- Film poster
- Directed by: Kantemir Balagov
- Written by: Kantemir Balagov; Anton Yarush;
- Produced by: Nikolay Yankin; Alexander Sokurov;
- Starring: Darya Zhovner
- Cinematography: Artem Emelyanov
- Edited by: Kantemir Balagov
- Release date: 24 May 2017 (Cannes);
- Running time: 118 minutes
- Country: Russia
- Languages: Russian; Kabardian;
- Box office: $184,008

= Closeness (film) =

2017 film

Closeness (Теснота) is a 2017 Russian drama film directed by Kantemir Balagov, in his feature film debut. It was selected to compete in the Un Certain Regard section at the 2017 Cannes Film Festival. At Cannes, it won the FIPRESCI Prize in the Un Certain Regard section.

==Plot==
In 1998 at Nalchik, 24-year-old Ilana (Zhovner) works in her father's garage to help him make ends meet. One evening, her extended family and friends gather to celebrate the engagement of her younger brother David.
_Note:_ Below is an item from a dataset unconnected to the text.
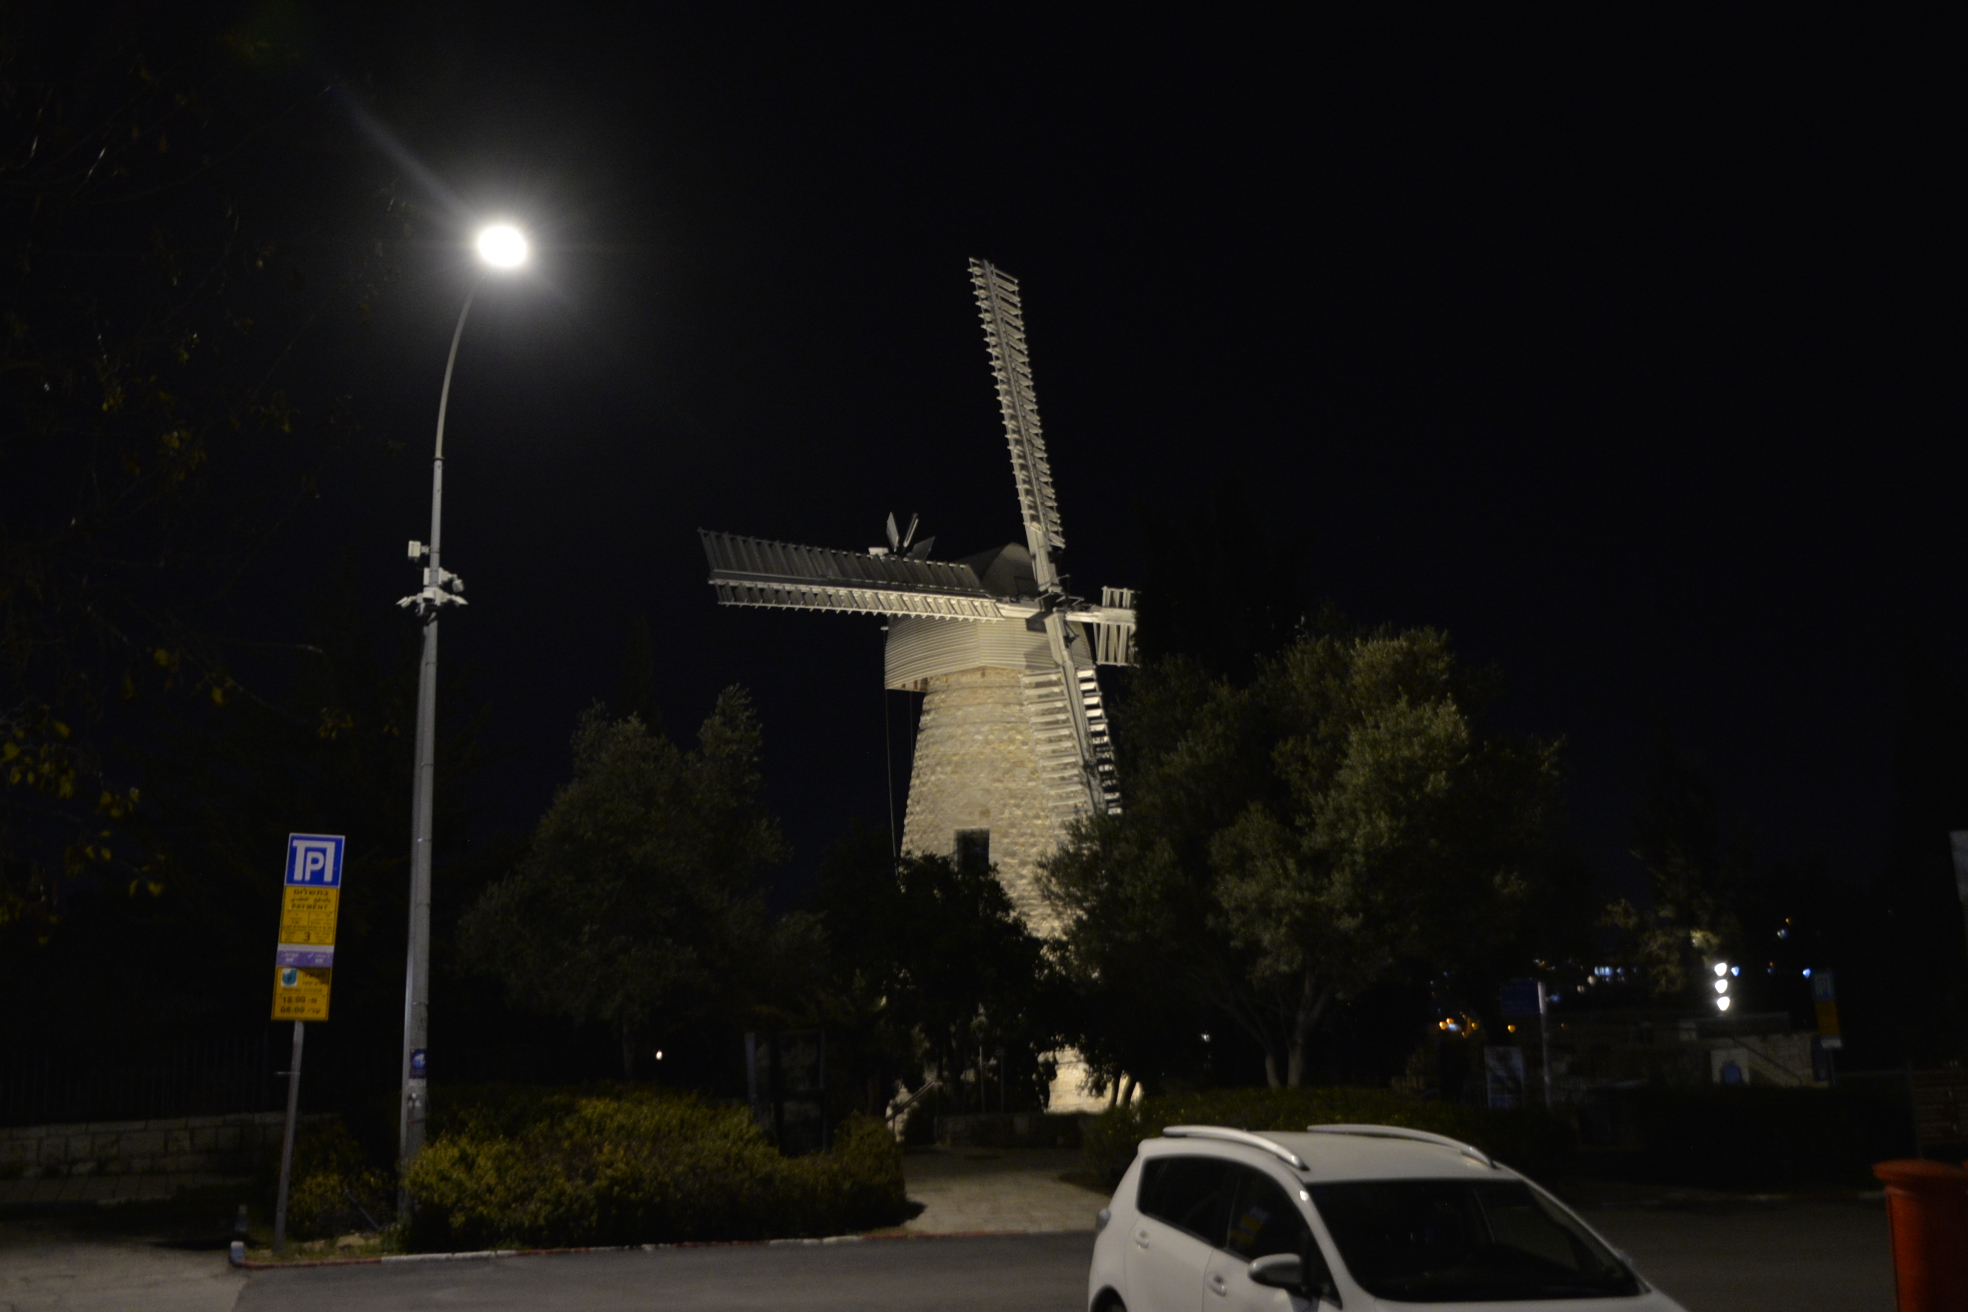 After dinner some of us walked around our Jerusalem neighborhood to see local landmarks, such as Montefiore's windmill.

Later that night, the young couple is kidnapped, and a ransom demand delivered.

==Cast==
- Darya Zhovner as Ilana
- Olga Dragunova as Adina
- Artem Tsypin as Avi
- Nazir Zhukov as Zalim
- Veniamin Katz as David
- Michail Amburg as Moshe

==Reception==
===Box office===
Closeness grossed $184,008 worldwide.
===Critical response===
On review aggregator Rotten Tomatoes, the film holds an approval rating of 87% based on 15 reviews, with an average rating of 7.9/10. On Metacritic, the film has a weighted average score of 53 out of 100 based on 8 critics, indicating "mixed or average reviews". The film was criticized by some critics for its use of documentary video footage of the torture and killing of Russian soldiers from the Tukhchar massacre.